I was fixing my limb alignment the other day, not related to this topic. Regarding damage to the riser? Nope. 

The manual specifically states that you can change this stuff with the bow strung.
Proof: http://www.win-archery.com/?mid=QA&...t_srl=5302&sort_index=regdate&order_type=desc

Just some of the laminate came off, I wasn't too happy about that.

Sort of looks like this:

http://www.world-of-archery.com/Recurve/Recurve_Limbs_a.htm

Those white horizontal lines. I haven't seen a pair of used limbs without them yet. But I could be wrong.

-AN


----------



## archerynooblol (Nov 6, 2010)

limbwalker said:


> Guys, the limb butts are reinforced to the point where turning the limb bolts 1000 times won't affect the durability or performance of the limb whatsoever. Unless it's just for the sake of appearance (and who really cares about that because the contact points are not in view when the bow is strung anyway), I don't see the need for concern. Every set of limbs has wear at the contact points if you shoot them at all - regardless of whether you turn the limb bolts while its strung or not.
> 
> Maybe I'm not being sensitive enough, but these bows are meant to be used, right?


Good point, but I'm one of those crazy people who throw a fit from one scratch on the shiny limb finish.


----------



## limbwalker (Sep 26, 2003)

Guess I'm not. Ha, ha.  I figure my bows are to be used, not admired. Probably why I've foregone the overkill SKB double recurve case too. A few scratches and dings aren't going to change the way the arrows hit the target. If I want a bow to admire, I'm going to Bob Morrison and getting a custom takedown Dakota longbow... 

John


----------



## caspian (Jan 13, 2009)

archerynooblol said:


> Those white horizontal lines. I haven't seen a pair of used limbs without them yet. But I could be wrong


you're not. they are caused by the limb root contacting the end of the limb pocket. all ILF limbs do it.


----------



## Blunt Arrow (Mar 2, 2006)

Are the limb bolts on the GMX stainless steel or are they aluminium ?


----------



## cc46 (Jan 22, 2005)

I have a GMX and it's easy to adjust the limb bolts while strung, no worries, I agree with the others.


----------



## caspian (Jan 13, 2009)

archerynooblol said:


> Good point, but I'm one of those crazy people who throw a fit from one scratch on the shiny limb finish.


no, you're like me, someone who looks after their gear and takes some pride in what it looks like.

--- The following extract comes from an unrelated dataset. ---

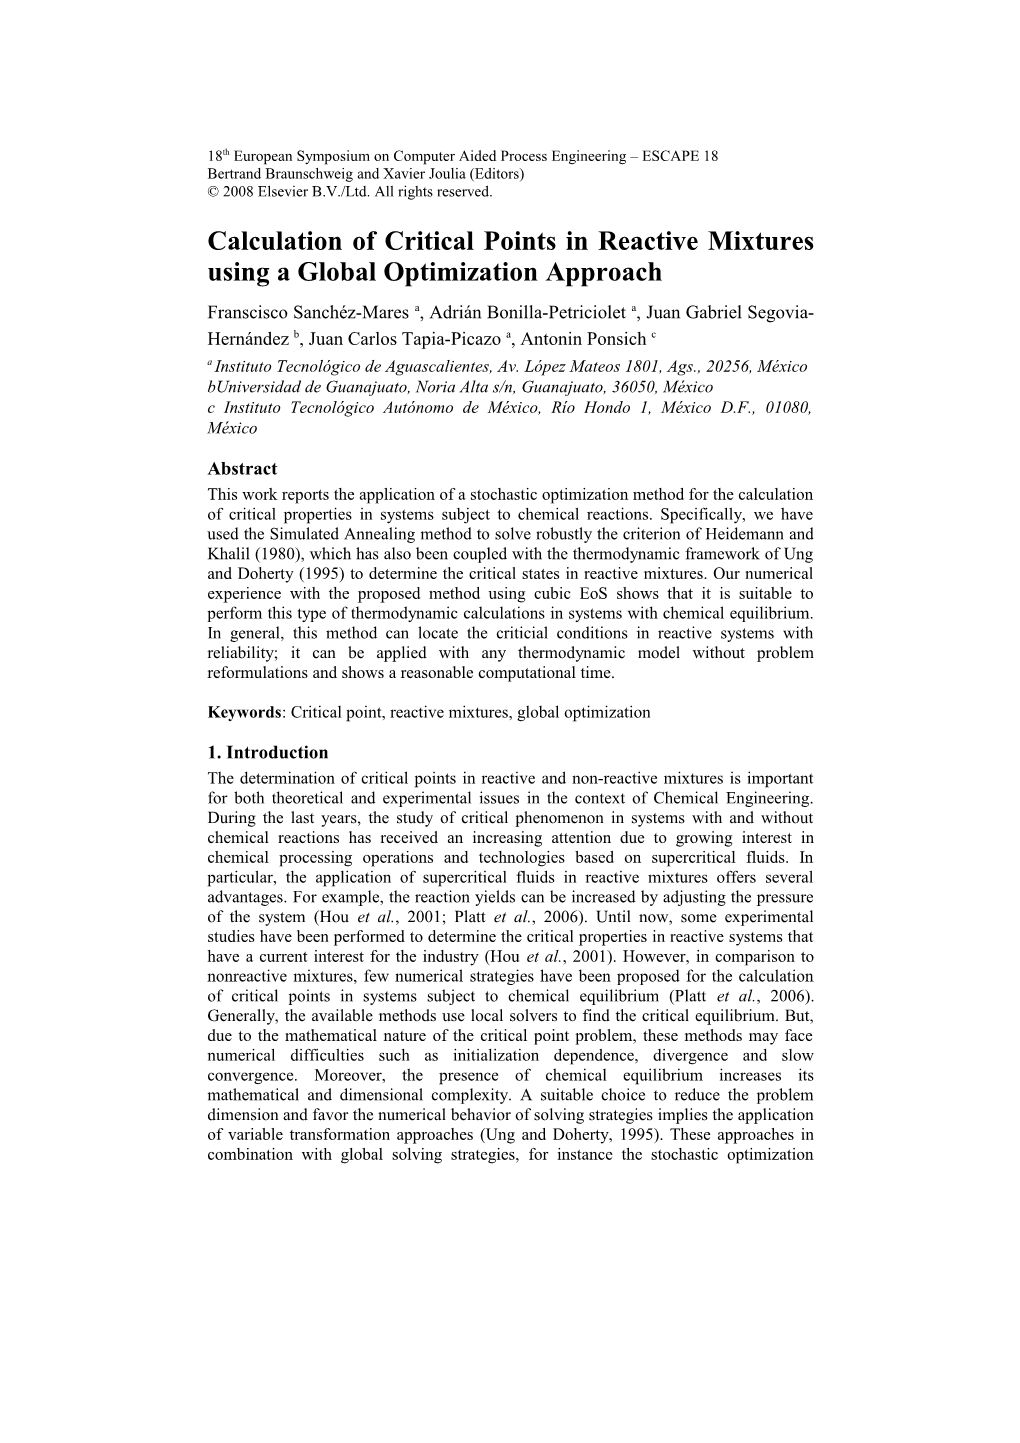 Calculation of Critical Points in Reactive Mixtures Using a Global Optimization Approach

you're probably also someone who gets good prices for it later if you need to sell it.


----------



## TheAncientOne (Feb 14, 2007)

limbwalker said:


> ...I figure my bows are to be used, not admired.
> John


I stopped worrying about finish after I caught a upper limb in the bedroom ceiling fan a few times.

TAO


----------



## zal (May 1, 2007)

I worried about finish for my first ten or so bows. After that, not so worried :wink:

They are just tools. You can re-finish them if you need to when you sell them, if someone's fussy about that.


----------



## Greg Bouras (Nov 17, 2006)

Probably what is intended is that making fine adjustments to obtain the desirable tiller is OK while bow is strung. Personally I do rough adjustments with bow unstrung. The last 1-2mm final adjustments are made with bow strung. Honestly I would like to get the bow in tune and begin shooting the thing while the sun is still shining. Making 1/64 turn limb bolt abjustments to adjust tiller within my best judgement (<1mm) by stringing and unstringing wears me out to the point where any final measurement is compromise between fatique,memory and a tape measure. Make final adjustments while the bow is strung, shoot it verify stability and go shoot.


----------



## caspian (Jan 13, 2009)

limb bolts should be 24TPI (UNF) so I full thread is ~1.06mm. 1/64th turn is ~.02mm.

adjust the things strung if you like, I don't, and nor have I ever witnessed anyone doing so. destringing is the norm.


----------



## Floxter (Sep 13, 2002)

Actually some manufacturers, i.e. Samick, specify adjusting weight and tiller while the bow is strung, while others, i.e. Hoyt, sometimes suggests unstringing the bow as in the case of their older owners manual, and yet again others, i.e. Win-Win, are silent on the matter in their manuals. Personally I'm lazy and have always kept my bows strung without any mishap.


----------